**Instructions for the task:** Return, exactly and with nothing added, the line with "Austin Limo and Car Services" together with all lines after it through the end of the data below. No pictures belong in the copy.

**Data segment:**

--- START ---

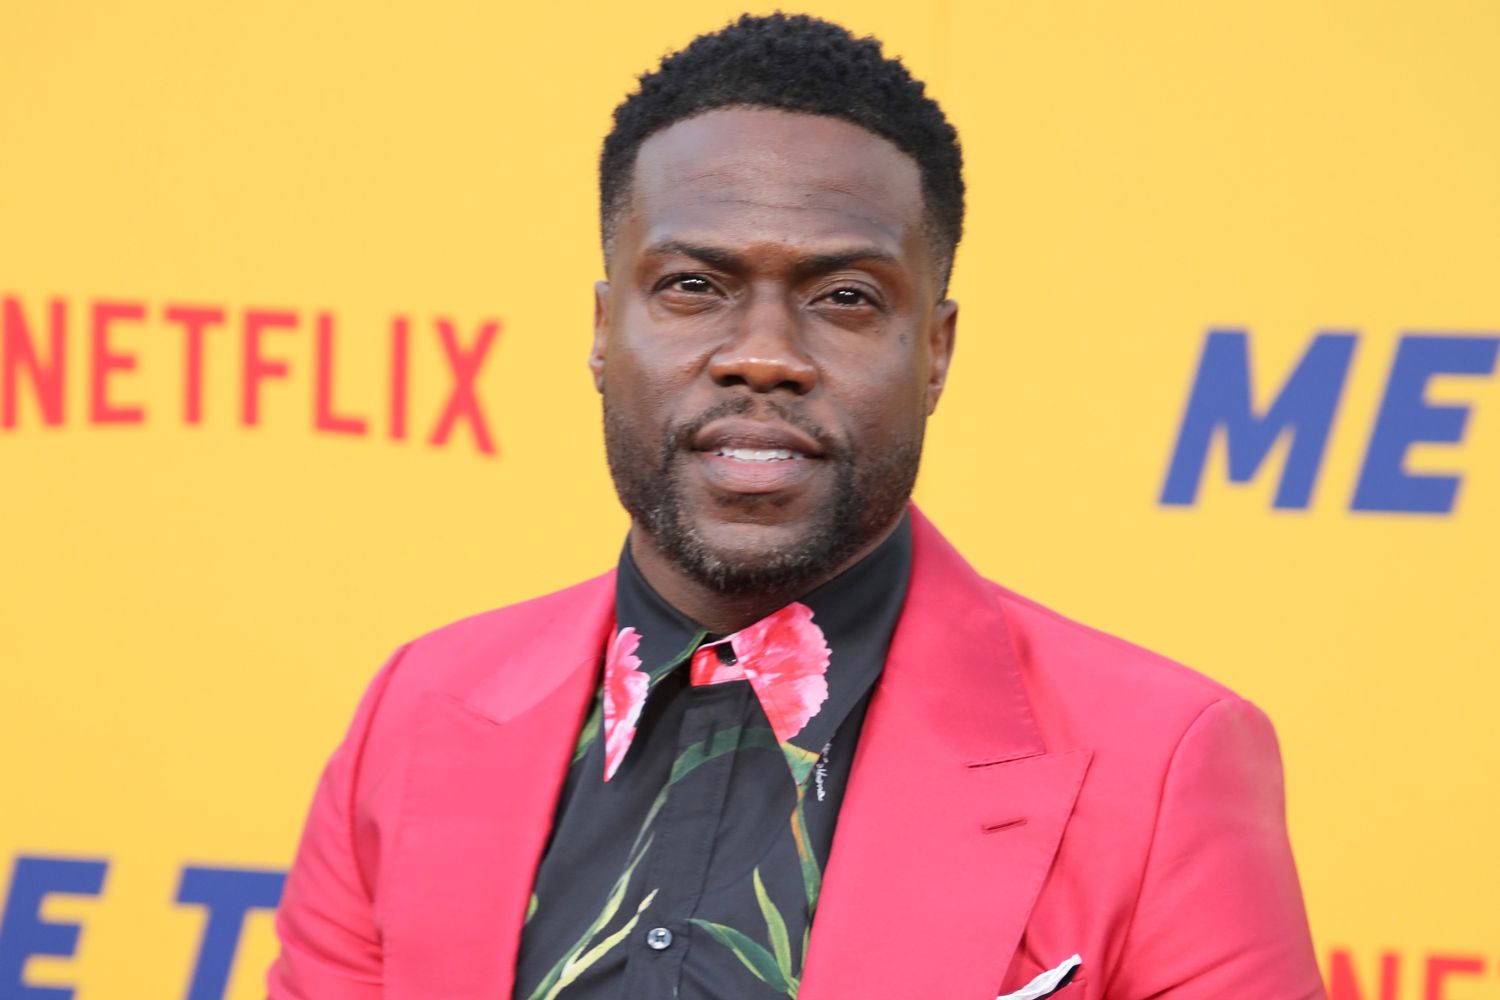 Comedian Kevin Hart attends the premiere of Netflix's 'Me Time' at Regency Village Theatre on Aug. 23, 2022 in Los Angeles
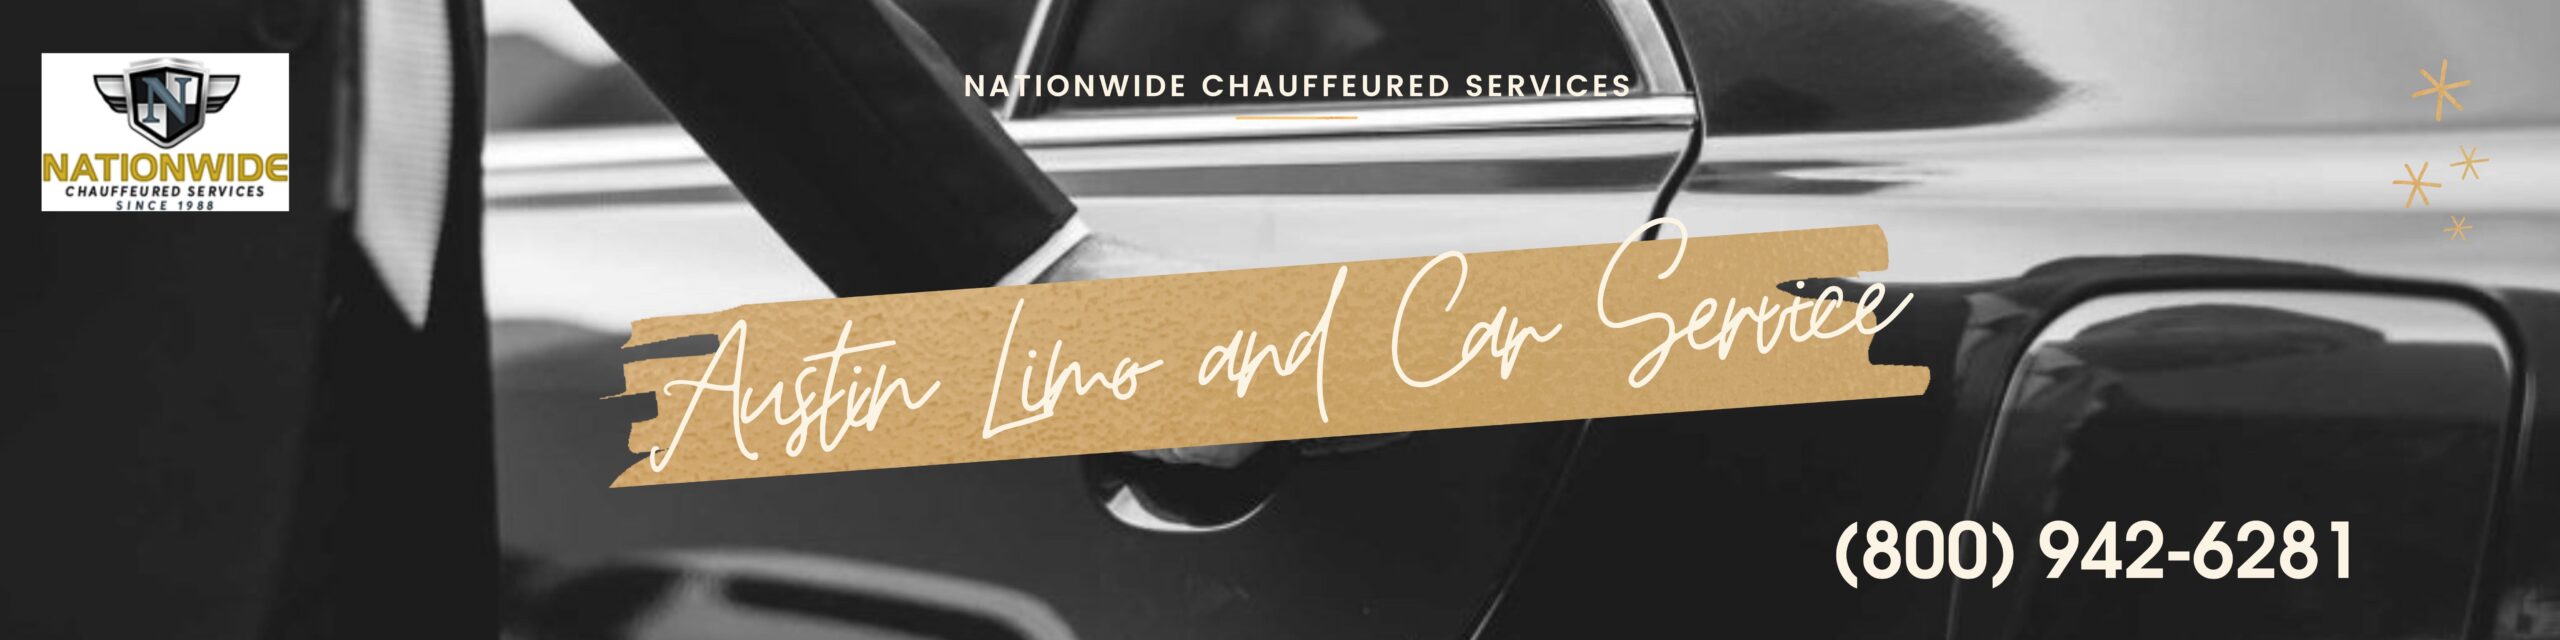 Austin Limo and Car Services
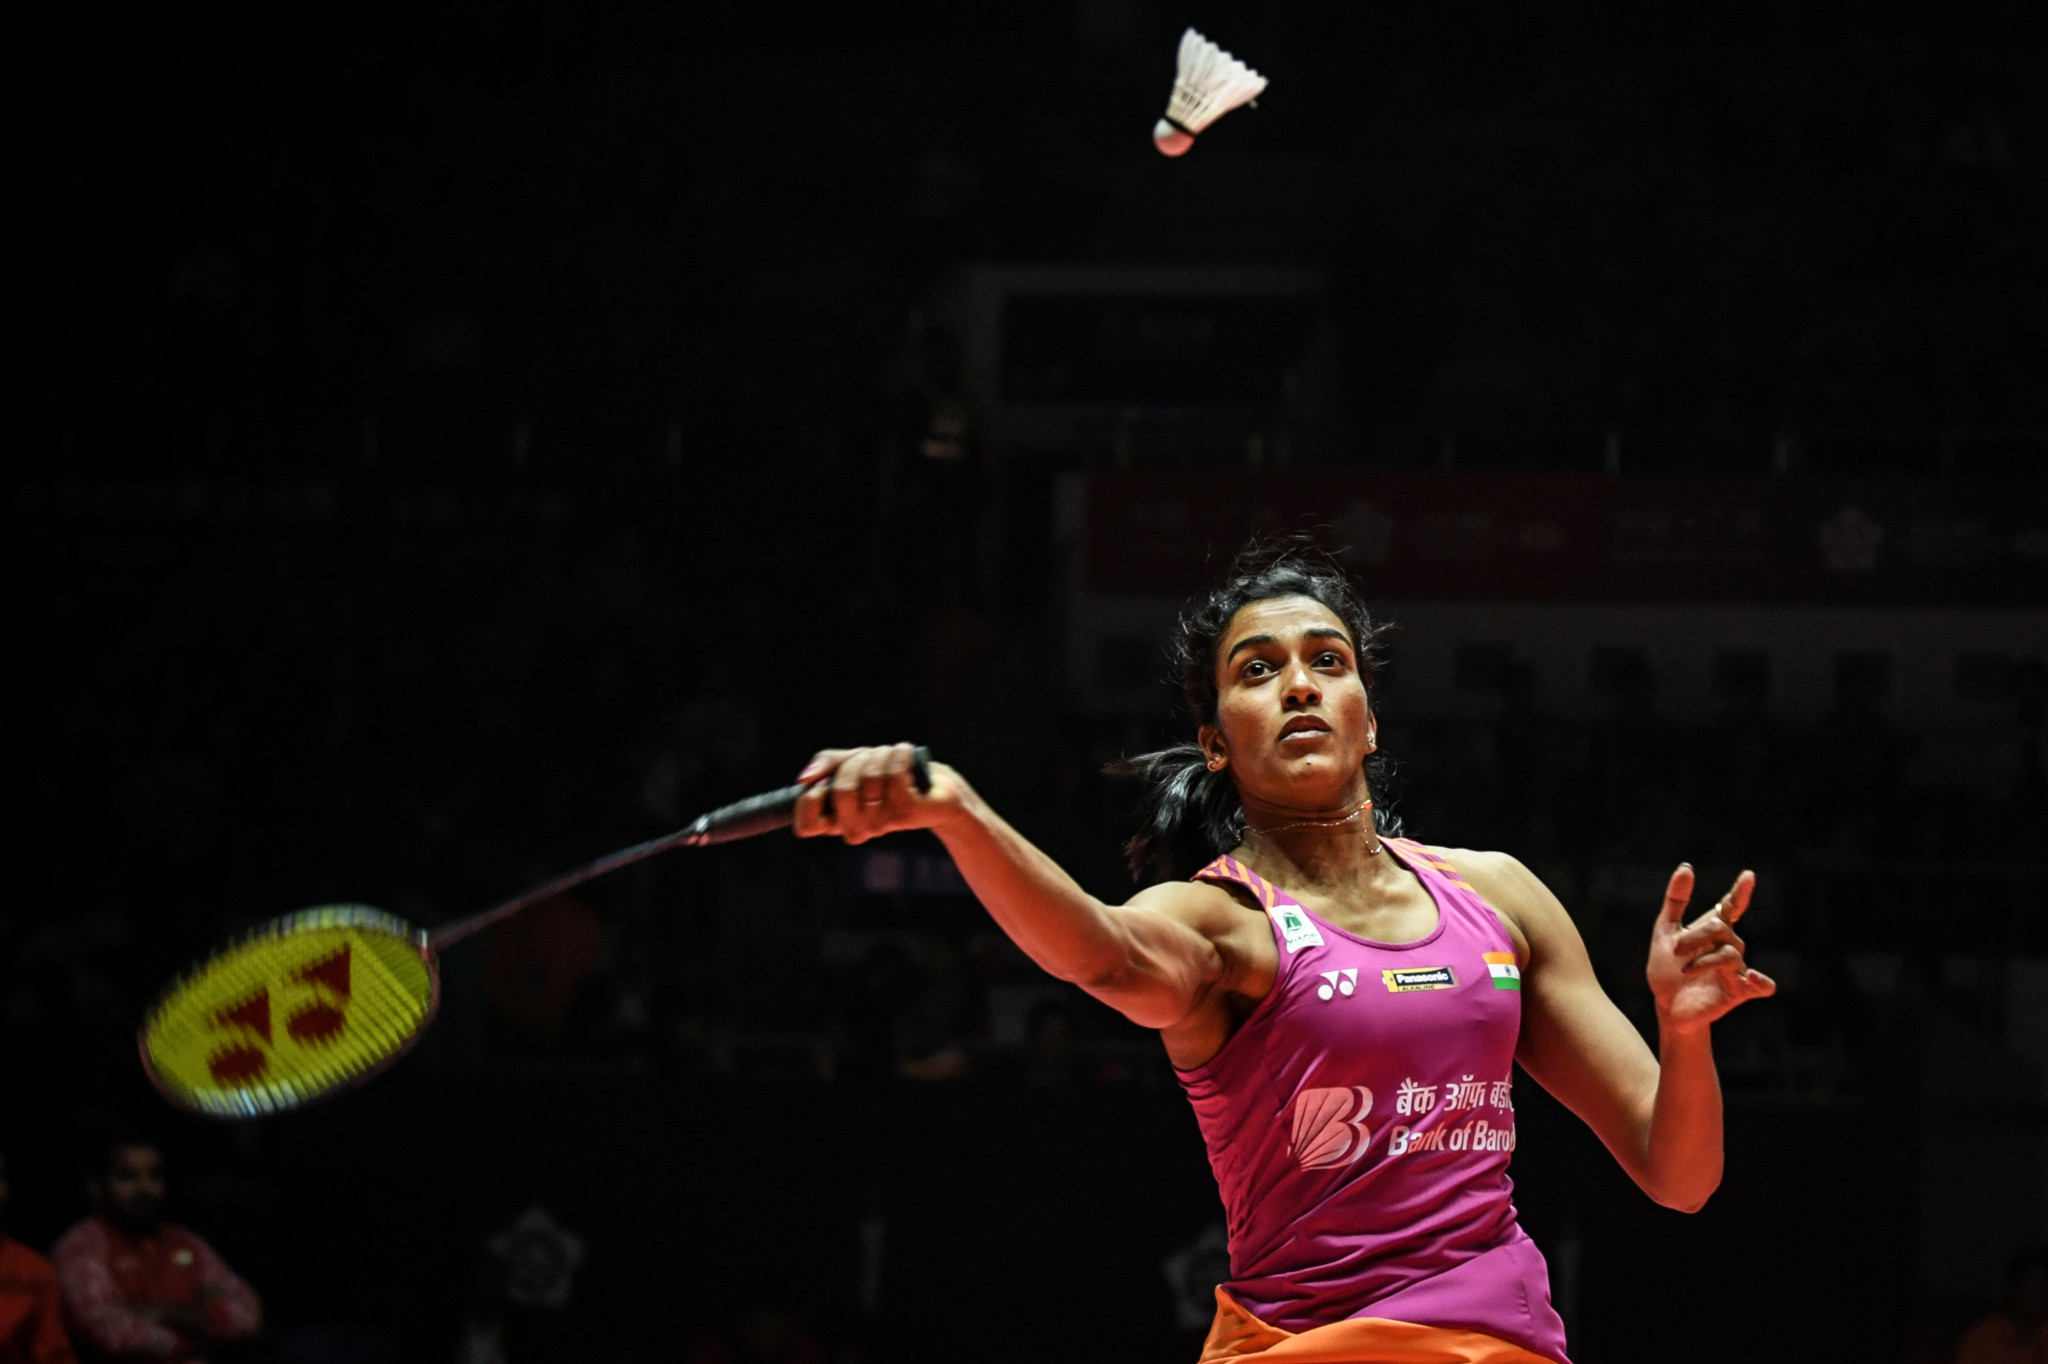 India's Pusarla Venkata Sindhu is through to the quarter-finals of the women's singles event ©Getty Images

--- END ---

**Expected answer:**
 Austin Limo and Car Services
 India's Pusarla Venkata Sindhu is through to the quarter-finals of the women's singles event ©Getty Images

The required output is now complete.